Archive for January 30th, 2013

It has been ten years since Arnold Schwarzenegger took on a lead role in a film. His stint as The Governator of California from 2003 to 2011 didn’t leave room for as much as a cameo, but appearances in The Expendables films have eased him back into film work. The Last Stand sees Schwarzenegger return to his muscular heroics, defending the small American town of Somerton Junction on the Mexican boarder from a petrol-head drug lord called Gabriel Cortez (Eduardo Noriega).

While The Last Stand will not be 65-year-old Schwarzenegger’s last film, it plays with a cheeky humour that Arnie fans and cynics alike will look upon with pleasure. His character Ray Owens, once a LAPD narcotics cop, has settled down to country living for a bit of peace and quiet, only to be jolted out of it by Cortez.
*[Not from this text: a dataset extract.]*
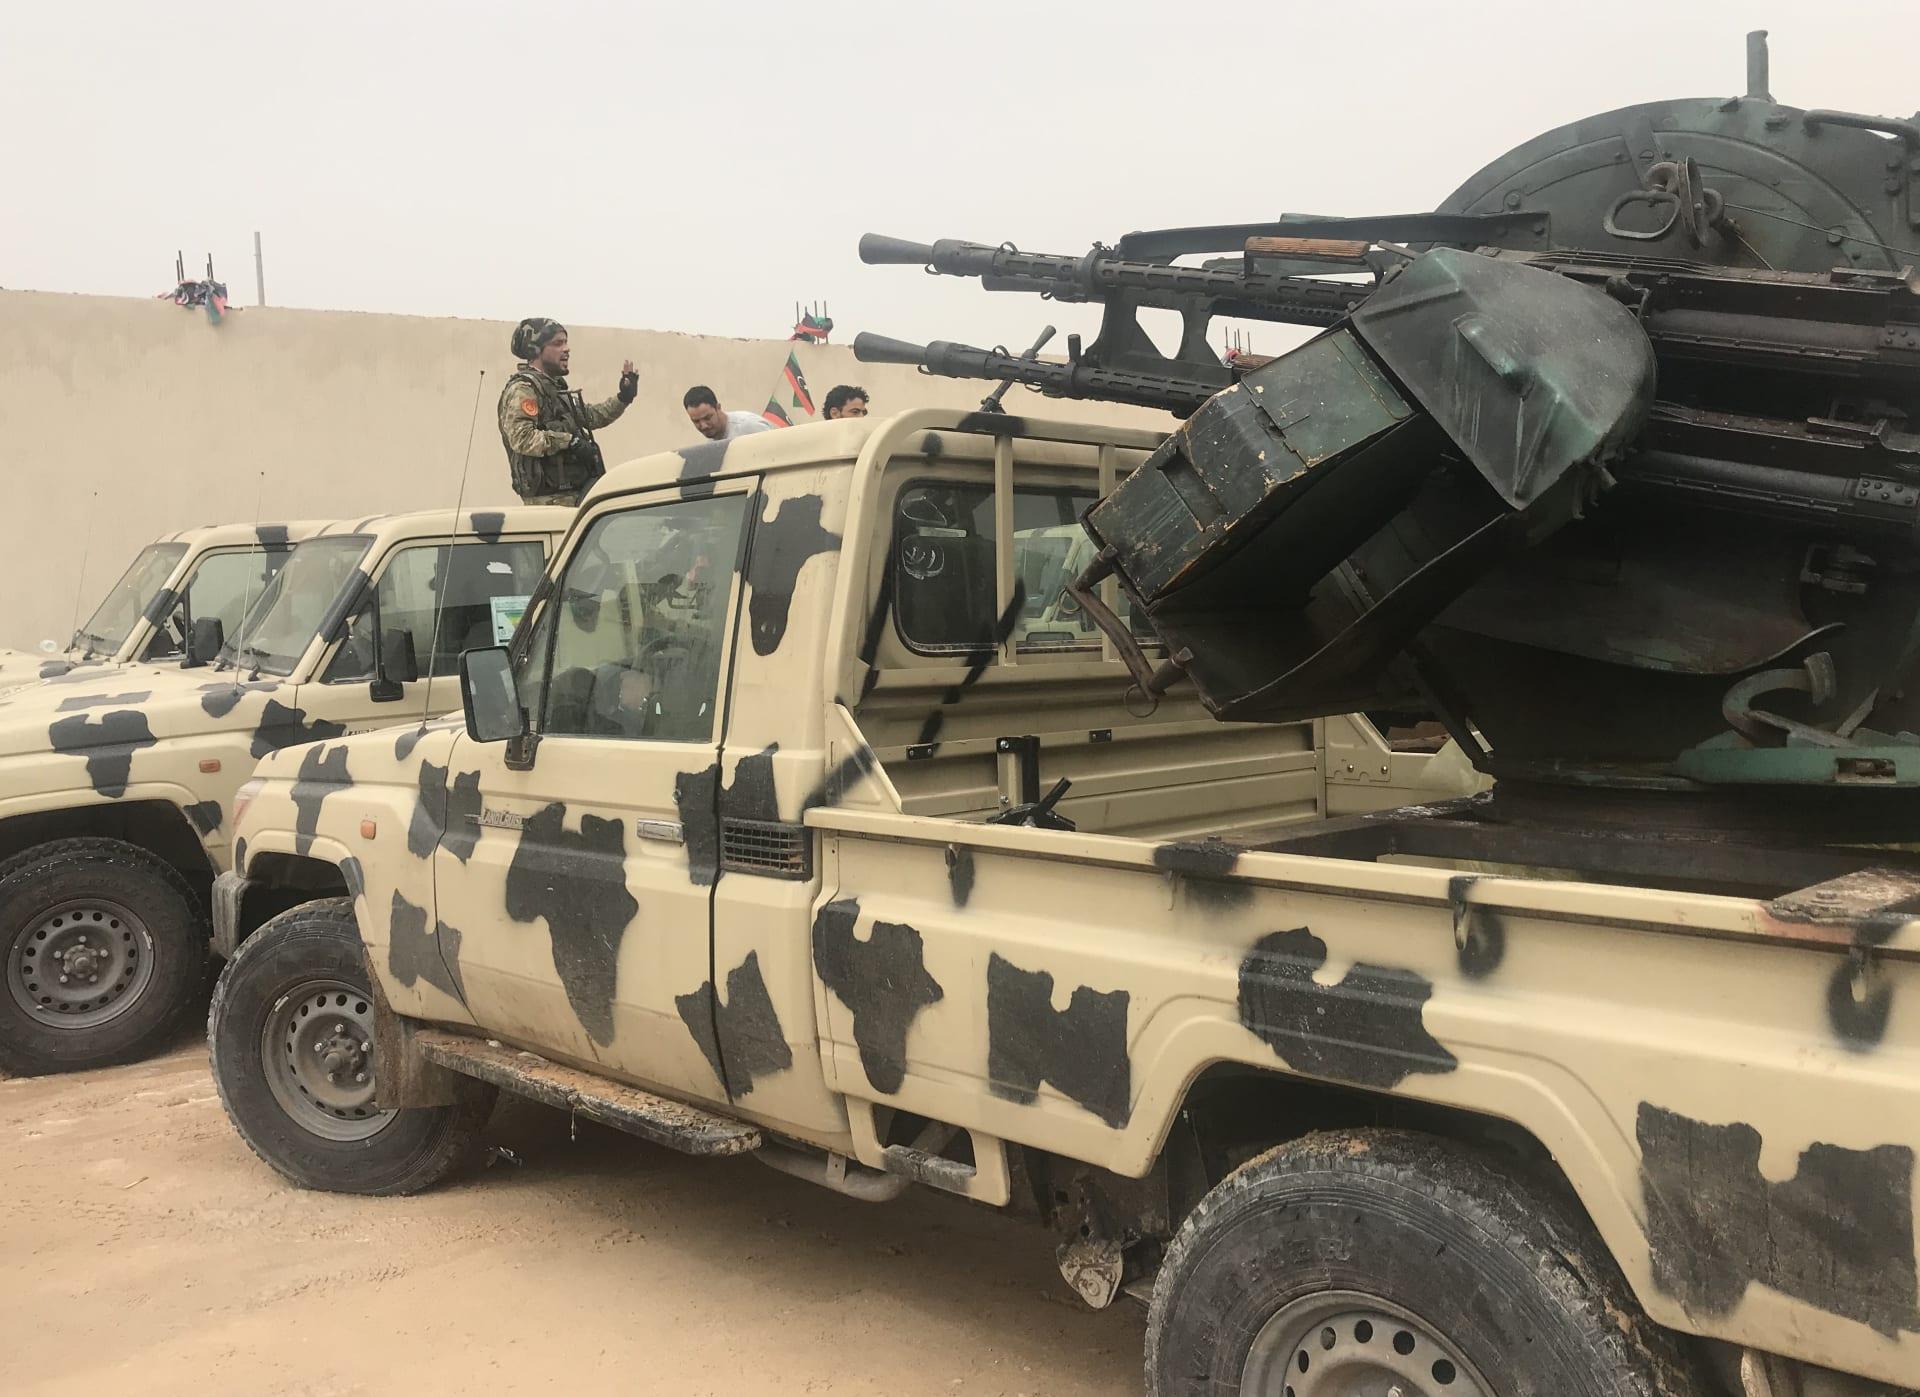 واشنطن تدعو قوات حفتر إلى وقف الحملة العسكرية الأحادية ضد طرابلس فورا
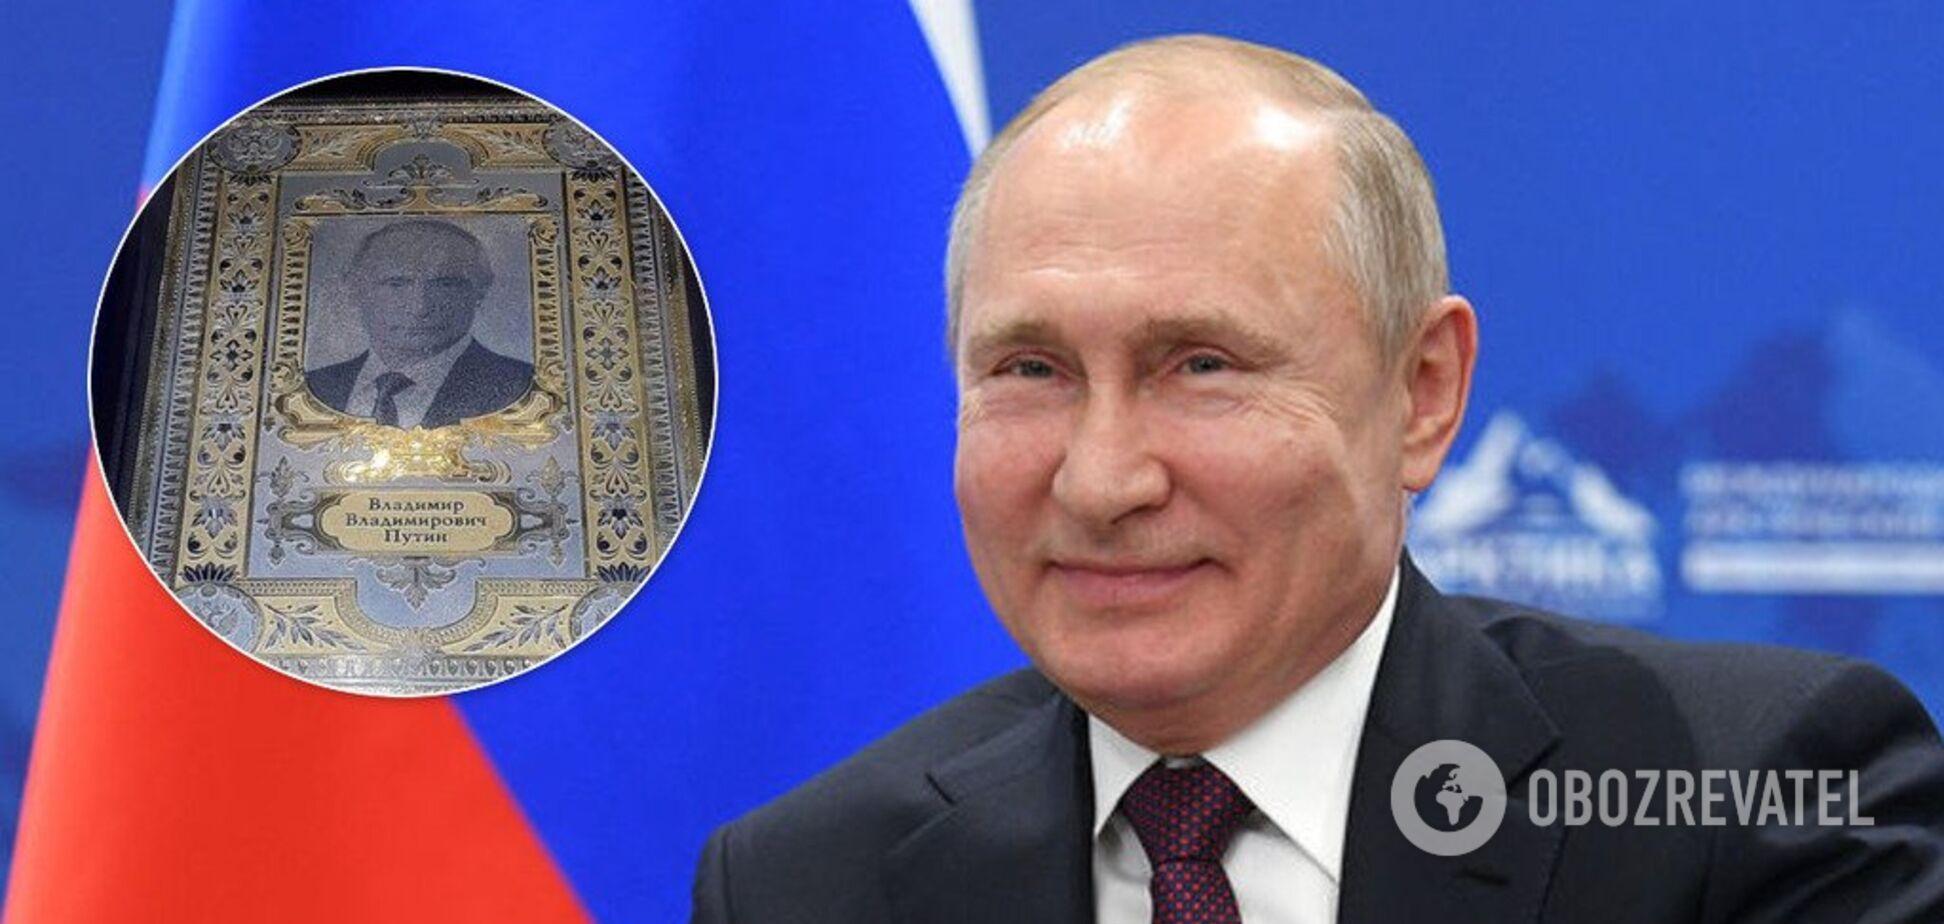 'Ще трохи і в рай': у російському аеропорту в продажу з'явилися ікони Путіна

The narrative construction is familiar, yet Schwarzenegger’s ten-year hiatus from acting adds freshness to the material; the way he looks and carries himself seems “old” (as he amusingly describes himself.)

Arnie’s strengths are at the fore here, yet the film is weakened by a plot line involving the FBI hunt for Cortez. Having lost the drug lord in Las Vegas the FBI, headed by the rather angry Agent John Bannister (Forest Whitaker), pursue him as he approaches Somerton Junction in his custom built Corvette. The FBI are intended to represent the modern, sleek operation in contrast to Arnie’s small town policing, yet their dull scenes serve to take potentially entertaining screen time away from Arnie.

However, South Korean director Jee-woon Kim stages the film’s action (for that is the true purpose of the film) with an entertaining eye for American genre traits (nods to Dirty Harry and American Westerns) and a flare for violence. The action has impact, with a satisfying Peckinpah-esque punch. The film’s defining setpiece where Owens and Cortez race muscle cars through a cornfield is a particularly inspired collision between the modern and the rural. Arnie’s acquisition of various old fashioned firearms (including a WWII era chain gun, mounted in a school bus), also leads to memorable shootouts.

The Last Stand is far from the greatest Schwarzenegger movie, but it is a satisfying, satirical and ultimately consistent return following his ten years in politics. It also reminds us of Arnie’s unique ability to turn simple, even banal dialogue into gold. When he declares “I’m the sheriff!” with utmost conviction, we know we’re back in the hands of a true Hollywood action hero.